INSTRUCTIONS TO FOLLOW> Copy exactly. Include the line containing "Werner Bircher-Geissbühler, Februar", every line after it, and the last line below, but no pictures.

MATERIAL SHOWN>
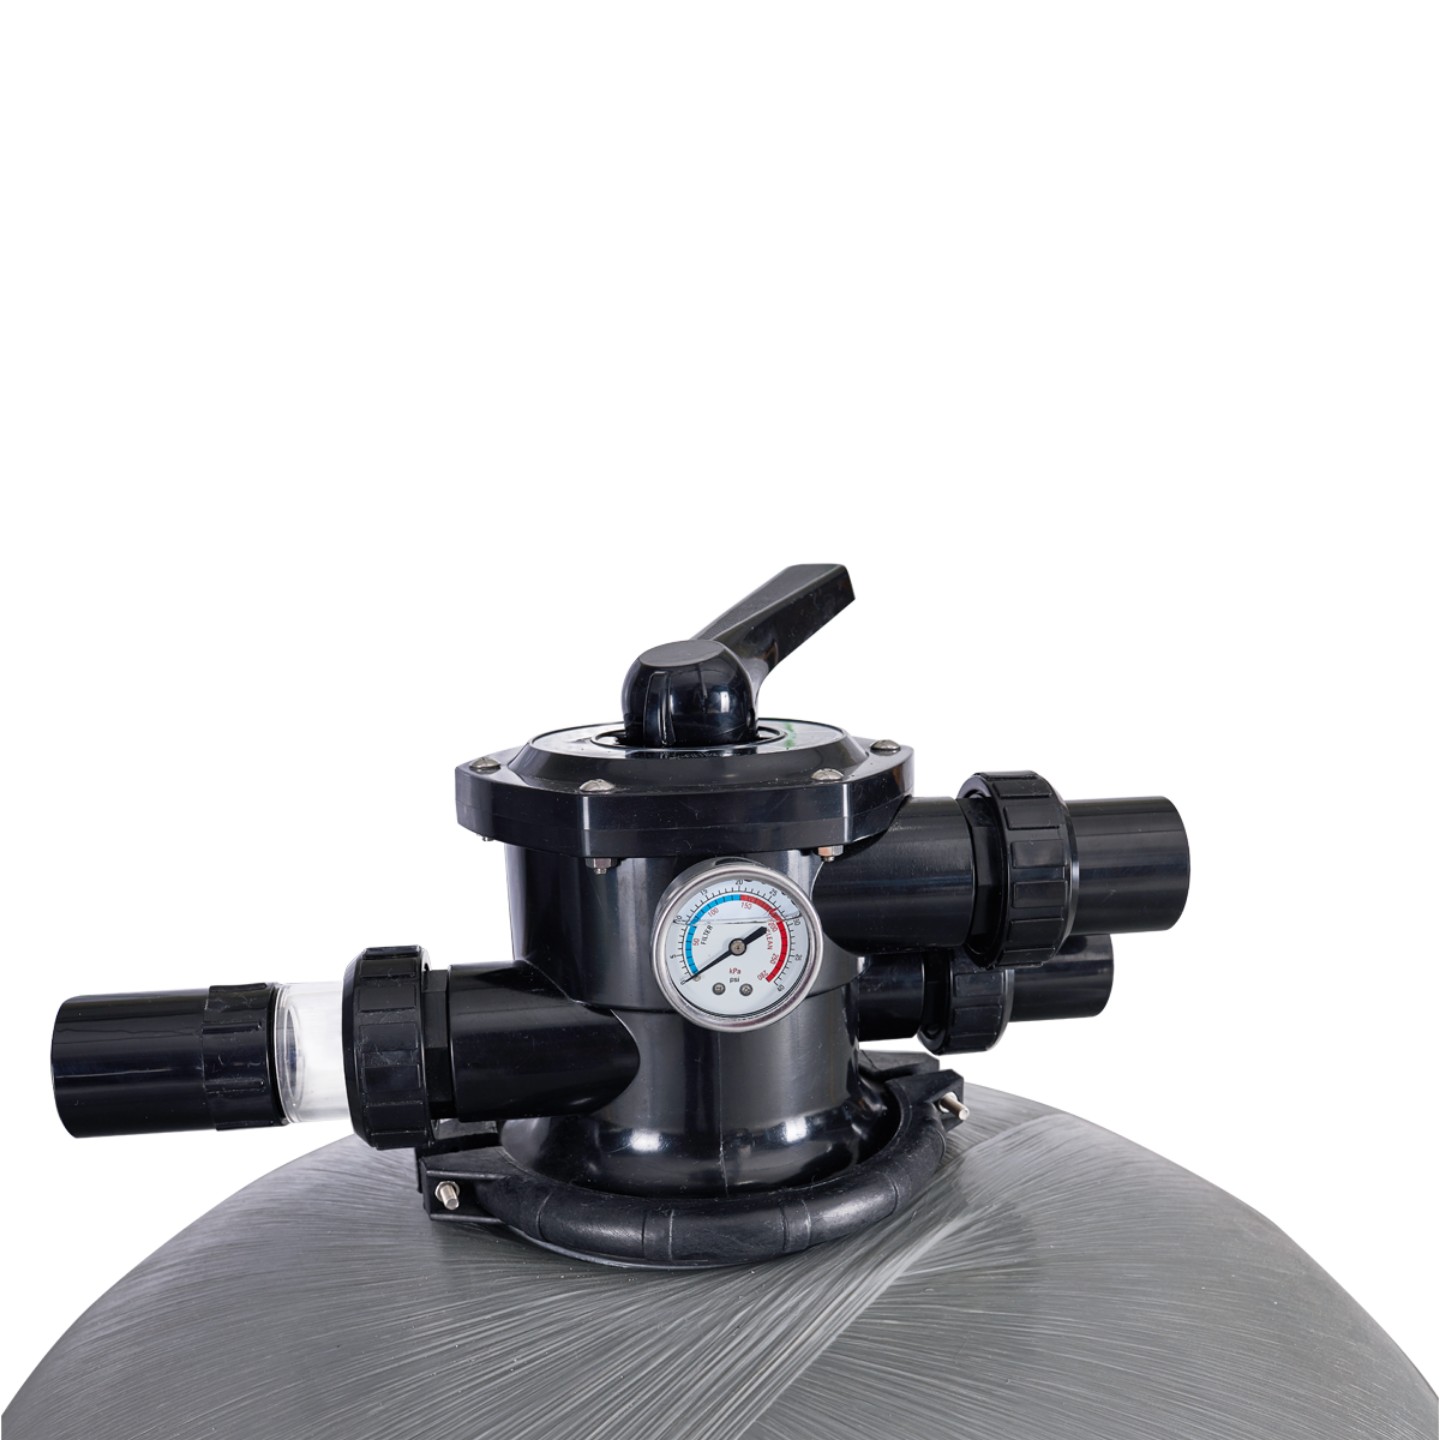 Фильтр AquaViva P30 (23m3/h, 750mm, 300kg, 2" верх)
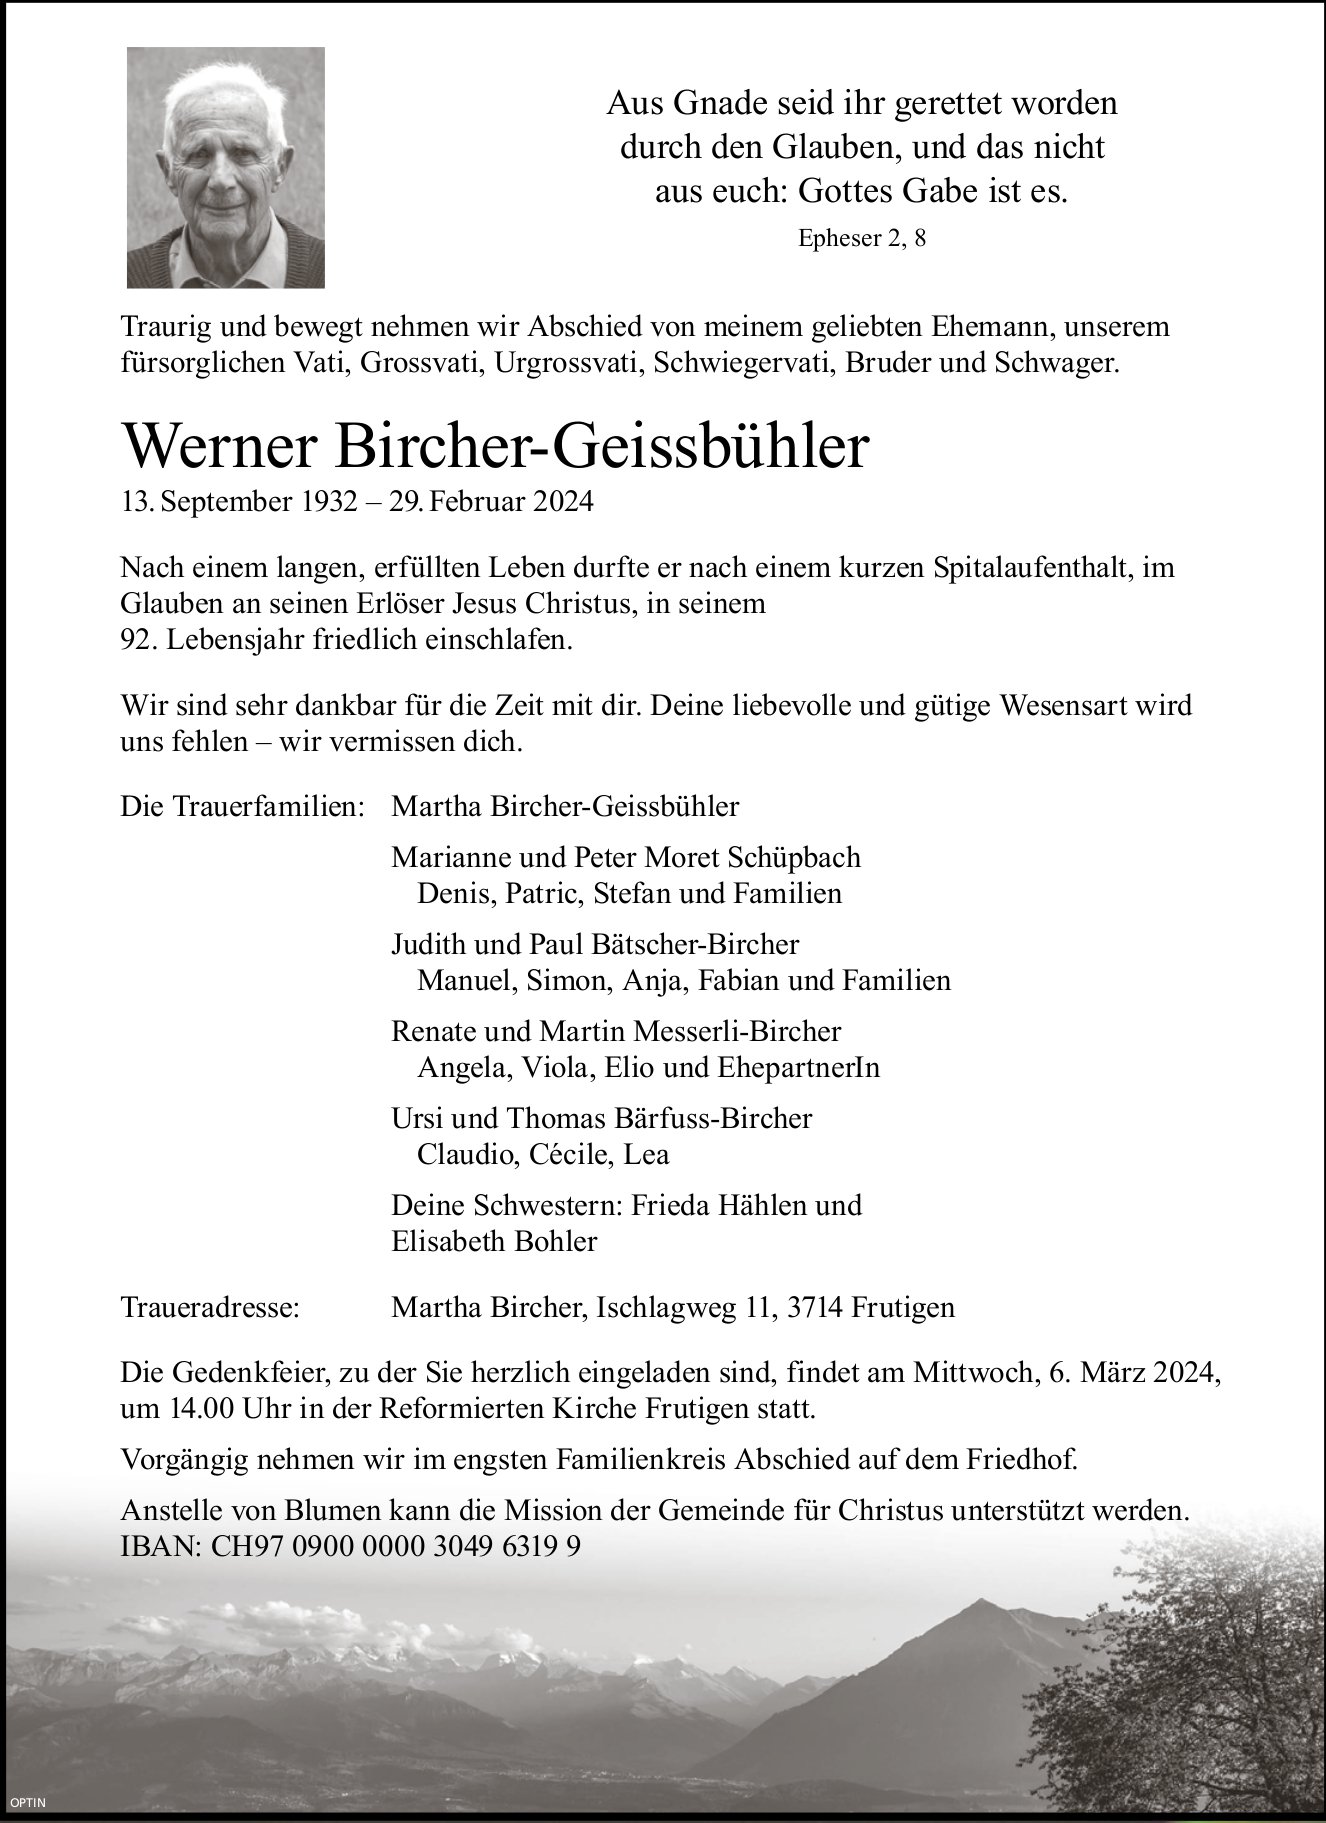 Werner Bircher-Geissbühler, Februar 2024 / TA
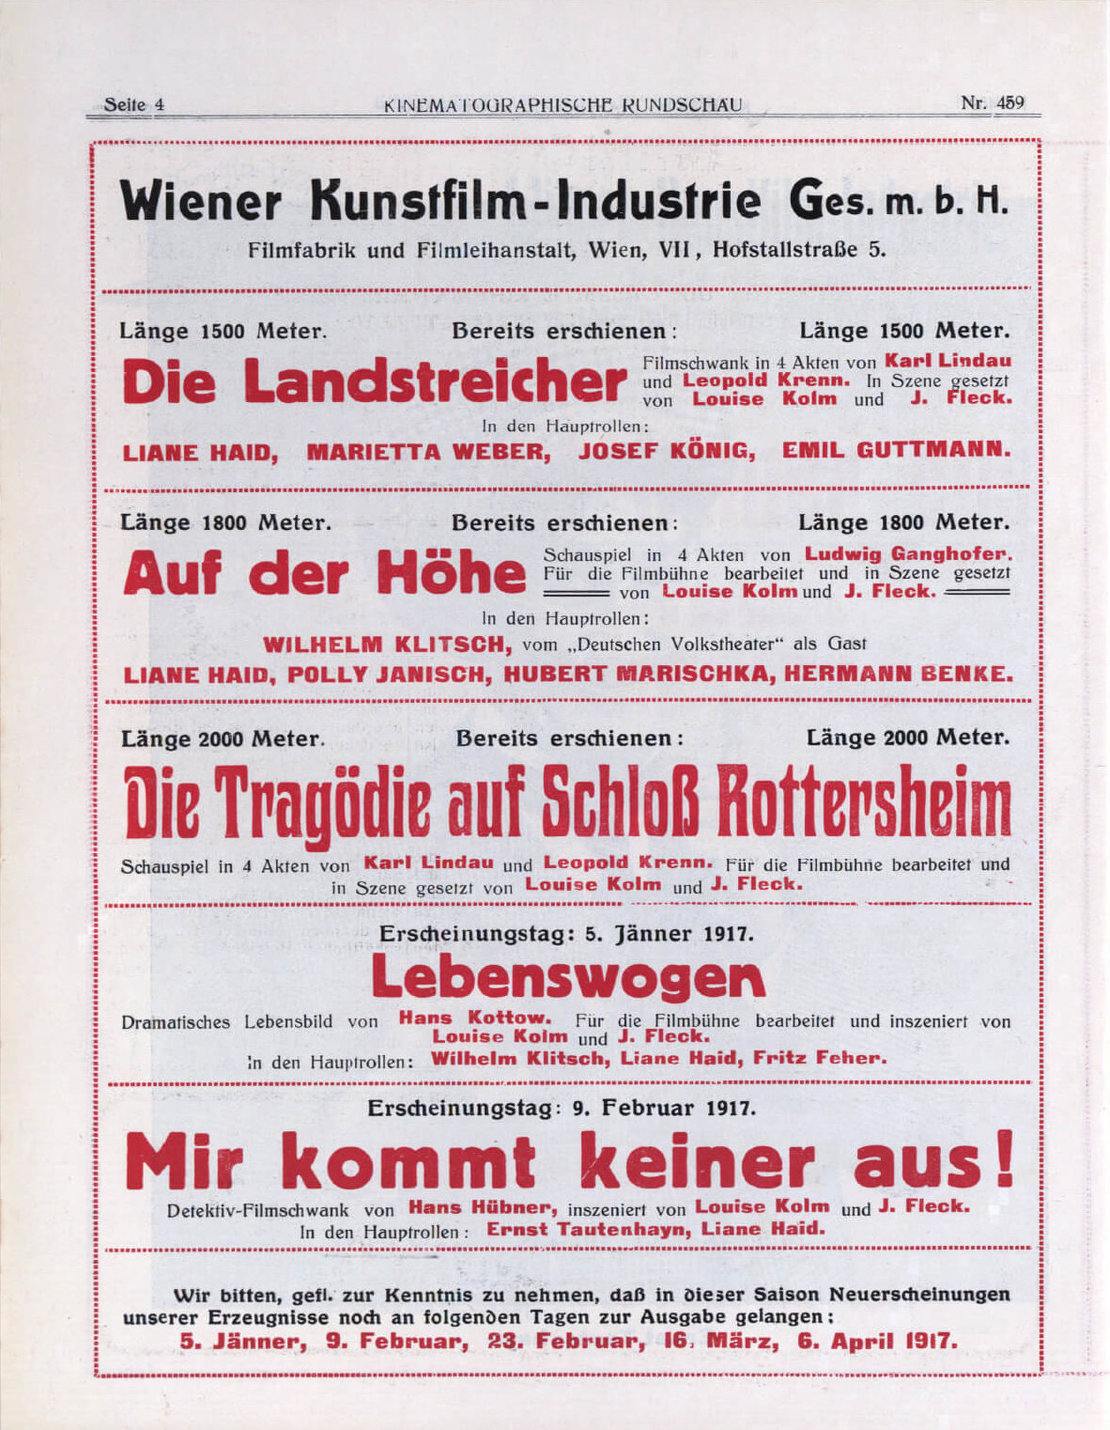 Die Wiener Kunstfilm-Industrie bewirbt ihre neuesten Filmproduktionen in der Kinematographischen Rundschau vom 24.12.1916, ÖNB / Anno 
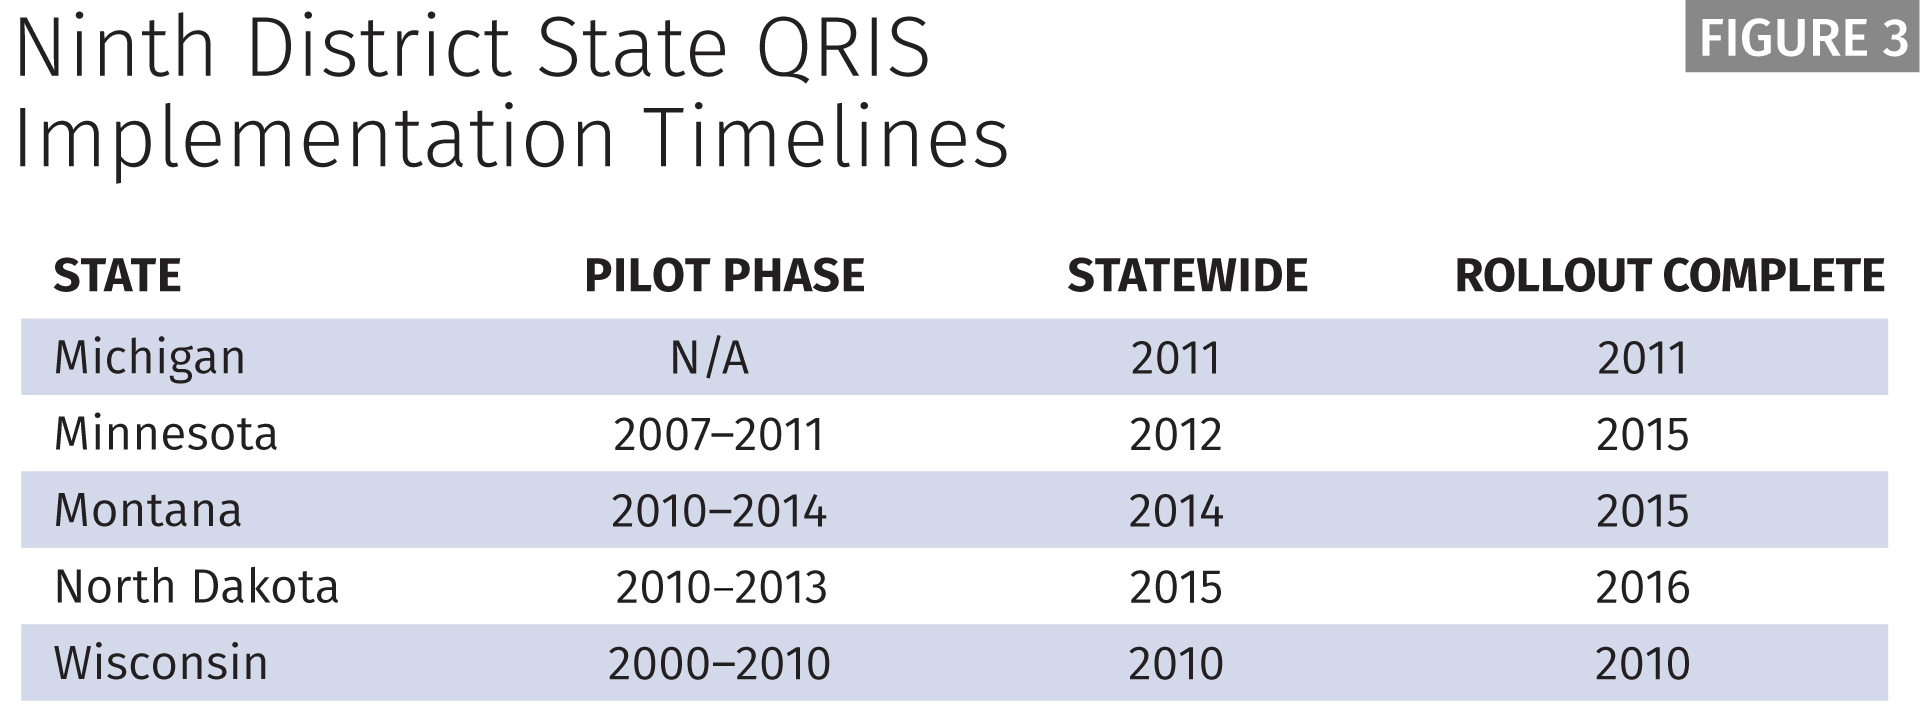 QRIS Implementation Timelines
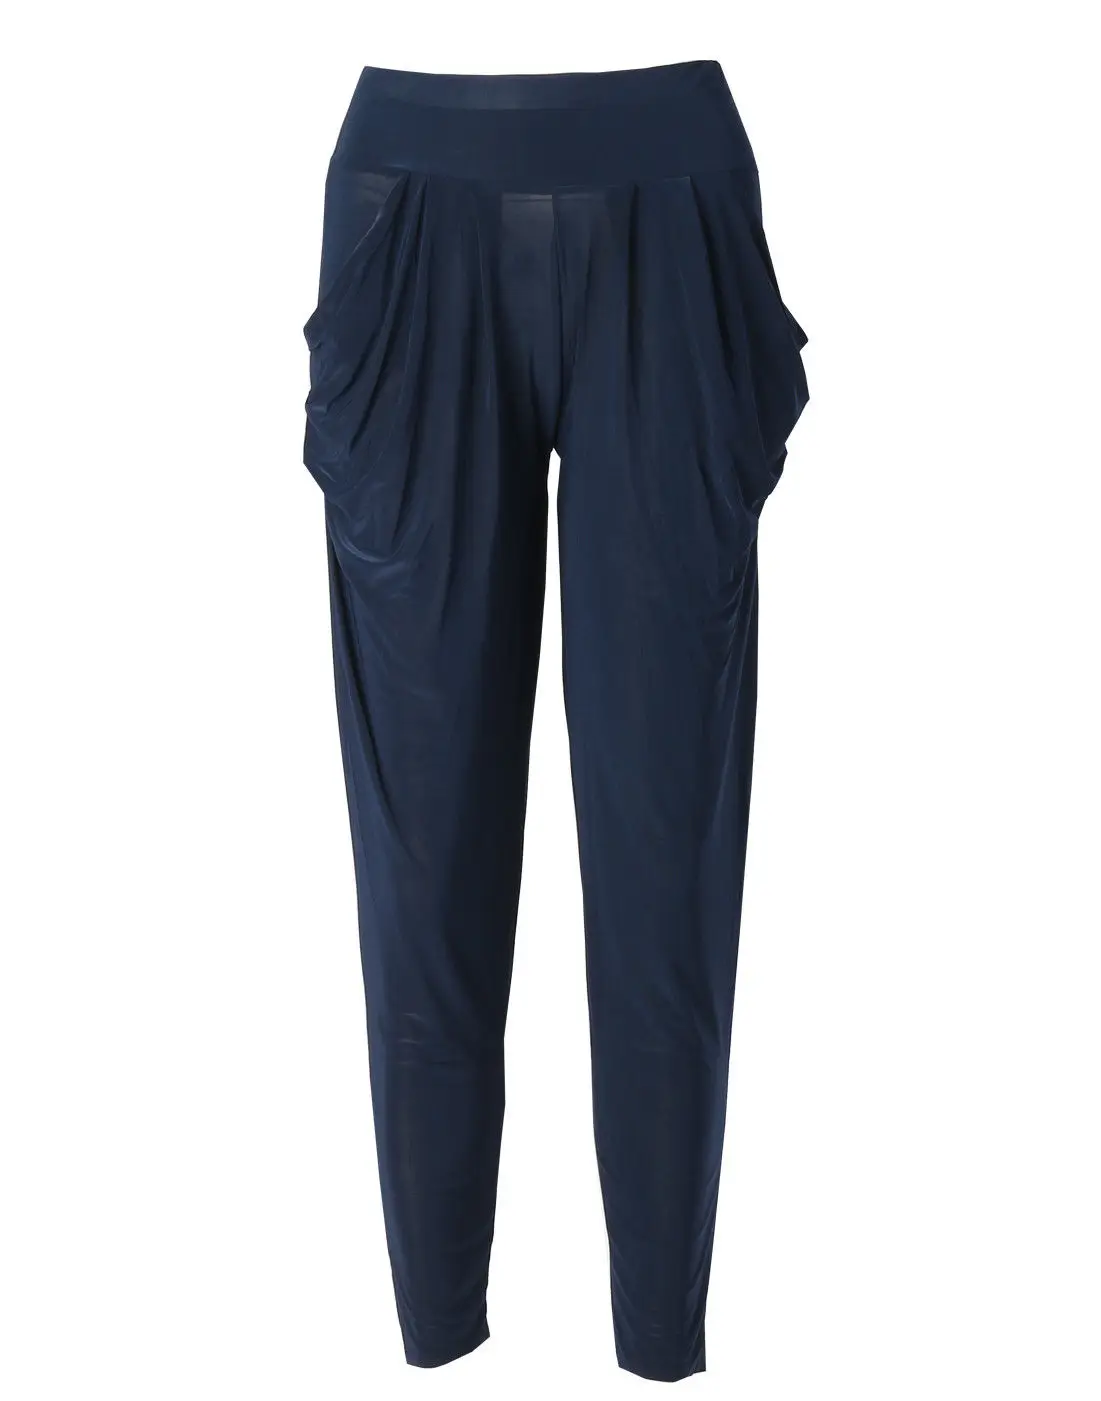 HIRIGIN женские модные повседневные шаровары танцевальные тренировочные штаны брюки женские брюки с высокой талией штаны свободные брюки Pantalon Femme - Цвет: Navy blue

EXPECTED ANSWER>
 Werner Bircher-Geissbühler, Februar 2024 / TA
 Die Wiener Kunstfilm-Industrie bewirbt ihre neuesten Filmproduktionen in der Kinematographischen Rundschau vom 24.12.1916, ÖNB / Anno 
 QRIS Implementation Timelines
 HIRIGIN женские модные повседневные шаровары танцевальные тренировочные штаны брюки женские брюки с высокой талией штаны свободные брюки Pantalon Femme - Цвет: Navy blue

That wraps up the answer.